Personal context plays an important factor in whether the
gig economy is beneficial and provides flexibility to workers or not. It can be
argued that millennials are the “beneficiaries and victims” of the gig economy
and zero hour contracts because it offers them the flexibility to work around
their studies and choose when and how many hours they would like to work
(Parkinson, 2017).Uber in their research found that people choose to work with
the company so that they have more control and around “11% of drivers in the US
are students”, with this number rising every year (Uber Newsroom, 2015). This
is because some students do not have many dependants or major financial
responsibilities and therefore the gig economy works to their advantage. Similarly,
for individuals who have been working up until the age of 50 and above zero-hour
contracts and work in the gig economy can be beneficial for them as it can offer
a “flexible transition from full-time work to retirement” (Monaghan,2017). However,
the flexibility and value of the gig economy and zero-hour contracts does not
apply equally to everyone in society.

The gig economy is a “labour market that is characterised by
short-term contracts and freelance work, rather than permanent jobs” (Wilson,
2017). Work in the gig economy includes “crowd work” which is work that is
completed via the internet and, “work on-demand via apps” where apps manage
traditional jobs such as “transport, cleaning and admin work” (De Stefano,
2015, pp.2). Whereas in zero-hour contracts the employer “is not obliged to
provide any minimum working hours and the worker is not obliged to accept any
working hours” (Acas,2017). The changing context of work means that
contemporary organisations are based on “neo-liberal global economic thinking”

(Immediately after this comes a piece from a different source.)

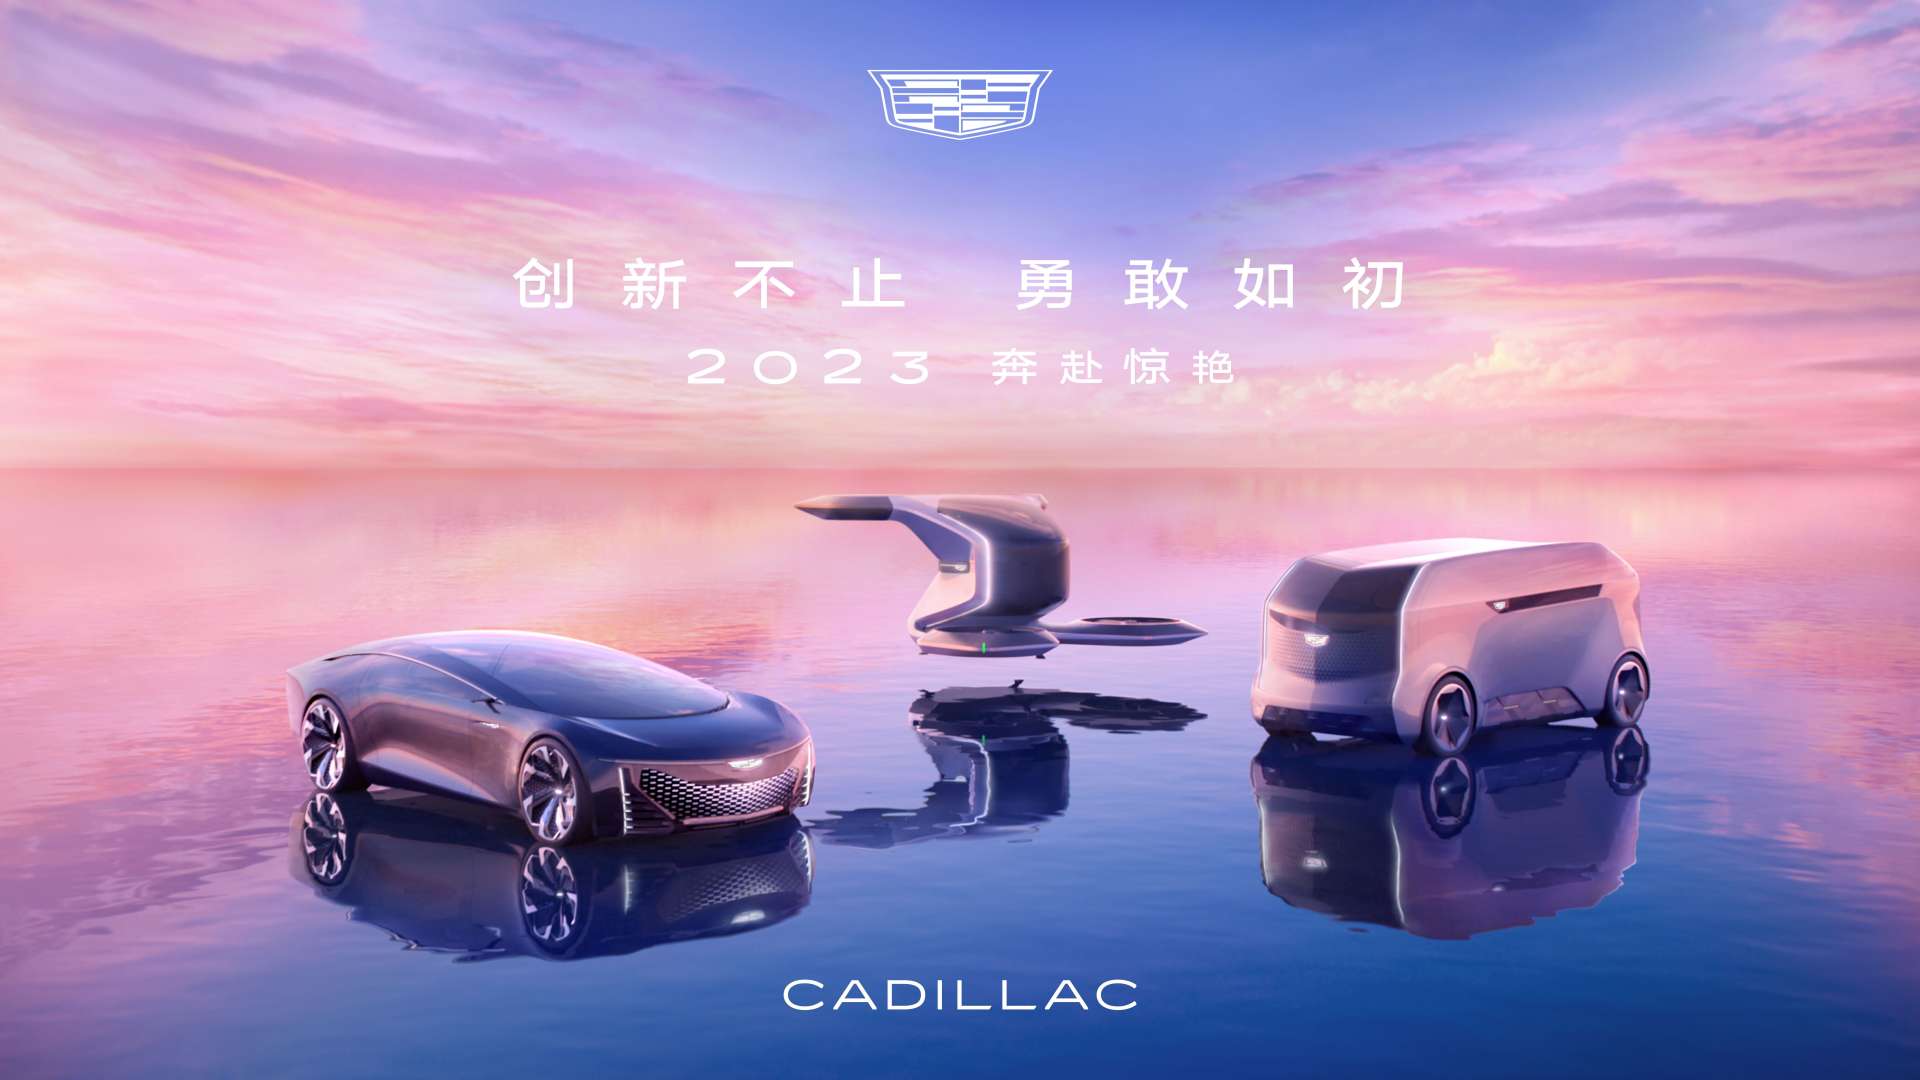 Cadillac凯迪拉克 120周年

(Wilkinson et al 2017, pp.9), where due to an increase in external competition
organisations have adopted changes such as “downsizing, delayering” and
becoming more flexible (Nolan, 2011). Contemporary human resource literature
has focused on the impact of the gig economy and zero-hour contracts on society
and organisations. This essay will draw upon the literature to critically
analyse that the gig economy presents a “double edged sword” and offers
flexibility. However, flexibility and the extent to which it is valuable means
different things for people in the gig economy depending on their individual
circumstances. I will also question the notion of flexibility for workers and
who really benefits from such labour market incentives.